Доказательств же этих мы не находим ни в непосредственном наблюдении явлений жизни, ни на страницах историков, философов и публицистов… Эти люди признают без всякого основания вопрос о тождестве общего благосостояния и цивилизации решенным".

Но, может быть, прогресс, как он выразился в истории Западной Европы, есть нечто фатальное, нечто неизбежно обязательное как для самой Европы в будущем, так и для других стран, стоящих на низших ступенях цивилизации? Из предыдущего уже видно, что гр. Толстой должен был отвечать на этот вопрос отрицательно. Он так и отвечает.
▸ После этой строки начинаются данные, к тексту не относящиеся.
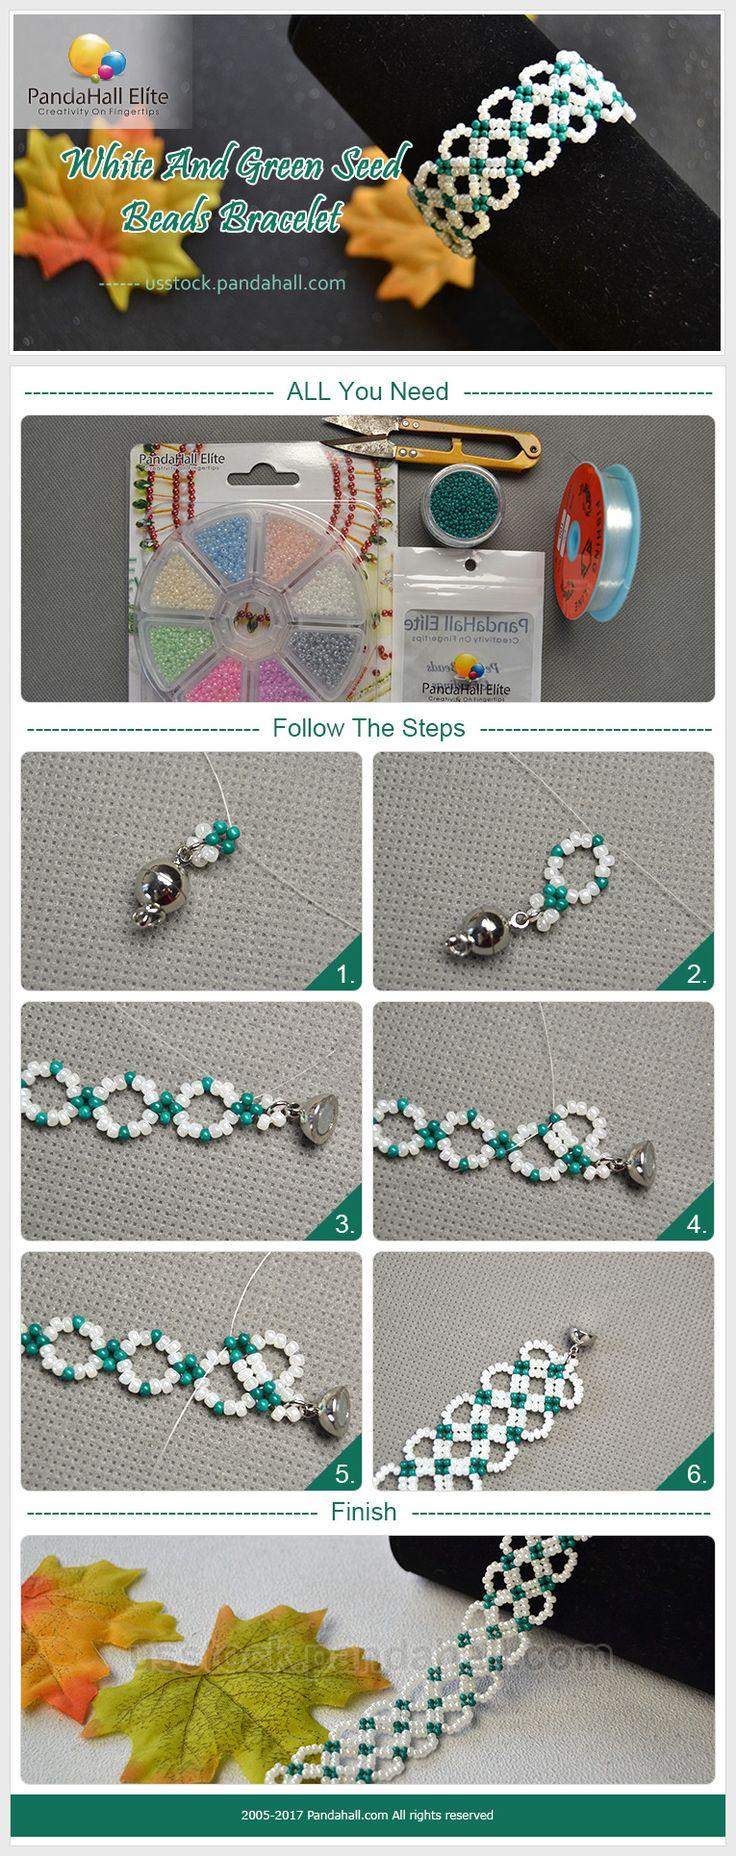 PandaHall Elite 120PCS Nickel Free Iron Earring Hooks Multi Colored Earring Making Supplies in One Box~

Он говорит, что "не считает этого движения неизбежным". Обращаясь к России, он делает несколько беглых замечаний о разнице в условиях ее жизни и жизни Западной Европы. Я приведу только одно из этих замечаний. Упомянув о мнении Маколея, что благосостояние рабочего народа измеряется высотой заработной платы, гр. Толстой спрашивает: "Неужели мы, русские, до такой степени не хотим знать и не знаем положения своего народа, что повторим такое бессмысленное и ложное для нас положение? Неужели не очевидно для каждого русского, что заработная плата для русского простолюдина есть случайность, роскошь, на которой ничего нельзя основывать? Весь народ, каждый русский человек без исключения назовет несомненно богатым степного мужика с старыми одоньями хлеба на гумне, никогда не видавшего в глаза заработной платы, и назовет несомненно бедным подмосковного мужика в ситцевой рубашке, получающего постоянно высокую заработную плату. Не только невозможно в России определять богатство степенью заработной платы, но смело можно сказать, что в России появление заработной платы есть признак уменьшения богатства и благосостояния. Это правило мы, русские, изучающие свой народ, можем проверить во всей России и потому, не рассуждая о богатстве всей Европы, можем и должны сказать, что для России, то есть для большей массы русского народа, высота заработной платы не только не служит мерилом благосостояния, но одно появление заработной платы показывает упадок народного богатства".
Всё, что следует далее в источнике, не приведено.